Pesach (Passover) is the jewel in the “kill, survive, let’s eat” crown and one of the biggest festivals in our calendar. It celebrates the Exodus of the Israelites from Egypt (14th century BCE), when Moses saved the people from slavery and guided them through the desert back to their ancestral homeland. They picked up the Ten Commandments and the first Jewish laws along the way.
So what do we do to mark this moment? We eat like there is no tomorrow. No joke. We also eat a ridiculous amount of matzah (unleavened flatbread) over the eight days to remember that the Israelites fled without time for their bread to rise. It is a challenging time for many as this symbolism leads to even more digestive issues than those already suffered by many in our community. Oy.
Pesach involves weeks of planning. How many will be at my seder table? What will I cook? How many matzah balls per person? Which brisket will I make? How do I make a Pesach cake that doesn’t taste like a Pesach cake? Will the kids come to our seder or go to their in-laws? So many big decisions.

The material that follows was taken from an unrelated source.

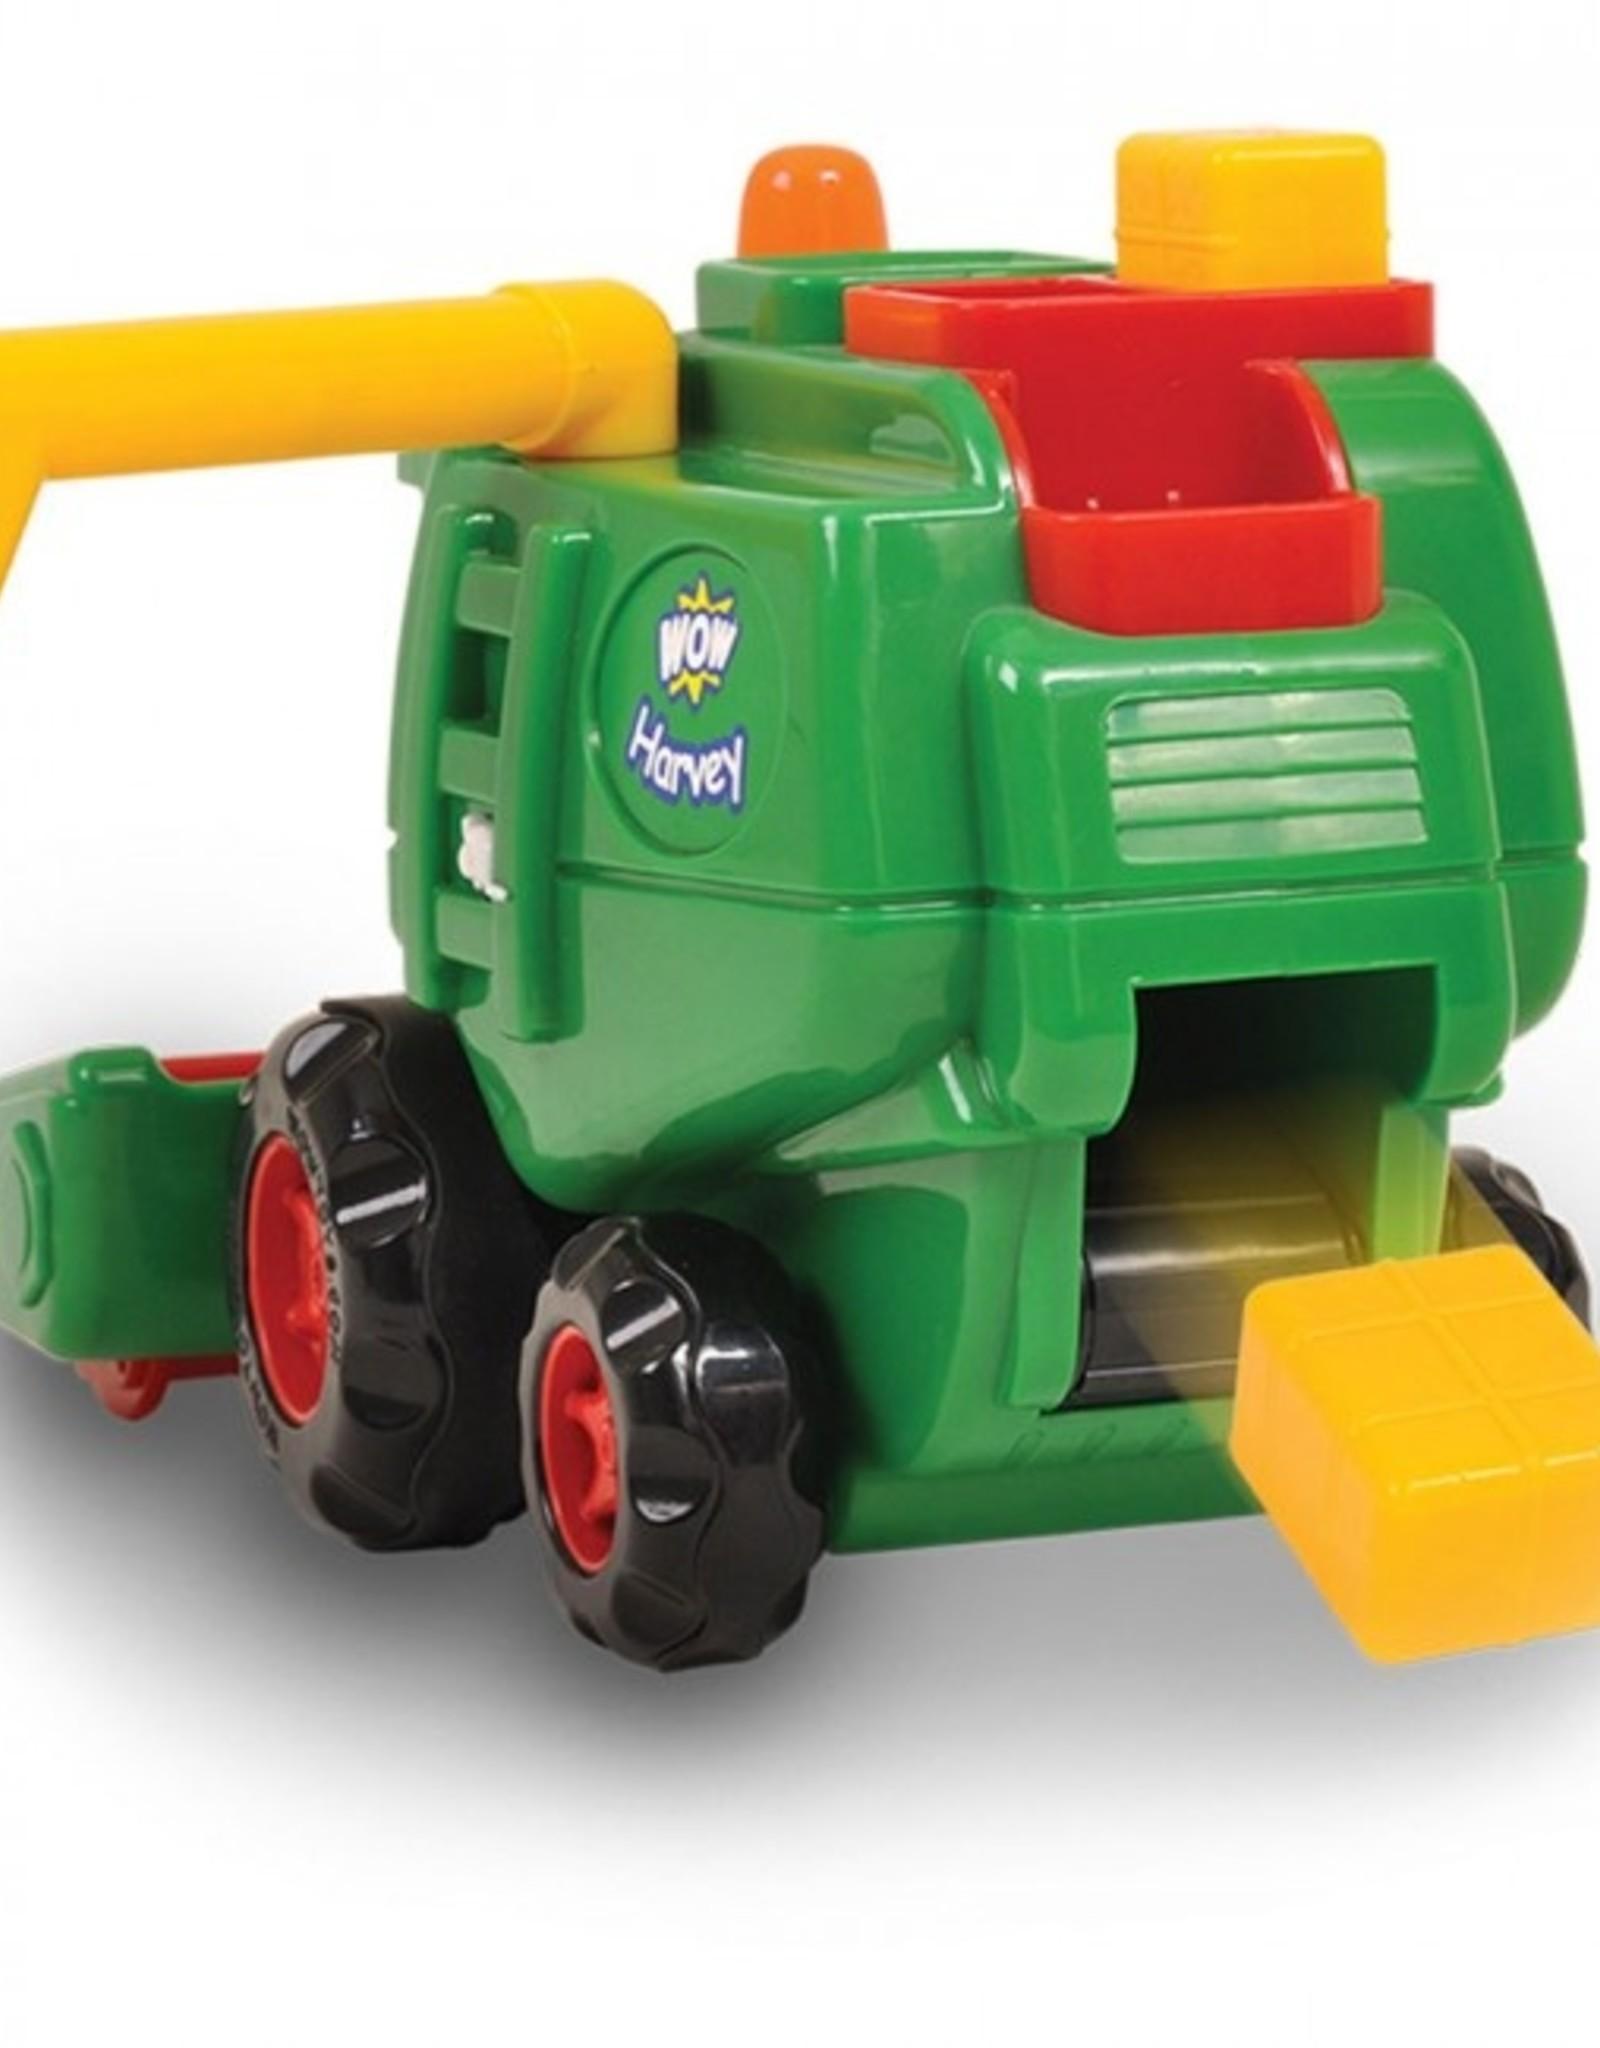 WOW Toys Harvey Harvester

It is a challenging time; the matzah leads to more digestive issues than those already suffered.
When the seder night finally arrives, we celebrate freedom in a huge way. We feast for hours, while saying prayers, reading stories and singing songs. It is a very special and meaningful time, family and friends often crammed around a table, with lots of wine (a mandatory four cups!) and so much food.
From beginning to end, this seder meal is fully loaded with traditions and rituals, and I love the ones around the food. We start with the ‘seder plate’, six foods to symbolise parts of the Pesach story. Matzah, shank bone (sacrifice), parsley (hope and renewal), bitter herbs (bitterness), hard-boiled egg (mourning/the circle of life) and charoset. Plus salt water alongside for dipping, to remind us of the tears we wept.
The charoset is the thing that we most look forward to in the early part of the seder, generously shmeared on matzah; in my Ashkenazi world, it is a truly delicious mix of apple, walnut, honey, cinnamon and sweet wine, representing the mortar for brickwork used by the Israelite slaves.
Each family has its own food traditions, often passed down through the generations. My parents hosted the seder for 60-plus years and they would have “not 44” people. Superstition dictated we were never allowed to say exactly how many were coming to dinner.
We always started with rich, golden chicken soup and the essential matzah balls. Some years the matzah balls were light and fluffy, and some years we ate cannonballs. Heart-warmingly delicious every time.
In these devastatingly difficult times for Israel and the diaspora community, it’s a harder Pesach than usual.
Main course was identical every single year. My mother’s ‘calf’ (aka veal) brisket was a slow cooked onion-smothered, salty, oily and succulent brisket on the bone. It was always accompanied by what we called ulnyik, an oven-tray sized slab of golden fried, salty, oily (yes, there is a theme here) potato roesti. I am proud that these precious and unique recipes are shared and preserved for the next generation in our very first book, Monday Morning Cooking Club - the food, the stories, the sisterhood (2011).
At the end of the seder meal we say “next year in Jerusalem!” It was originally written more than 500 years ago as a hope for the Jewish people to one day return to their homeland, as they did when they left Egypt. It’s different now because Israel exists, so we can actually travel to Jerusalem next Passover. I think of it as a shout out to the continued survival of Jerusalem (and really the whole of Israel) alongside a wish that we can all live in peace.
In these devastatingly difficult times for Israel and the diaspora community, it’s a harder Pesach than usual. It’s impossible to celebrate our survival while our survival is under threat. It’s impossible to enjoy the Pesach week while so many remain hostage in Gaza, unable to enjoy life.
I am optimistic and hopeful that next year we will be able, once again, to focus on celebrating our continued survival and we can just sit down and eat. Next year in Jerusalem!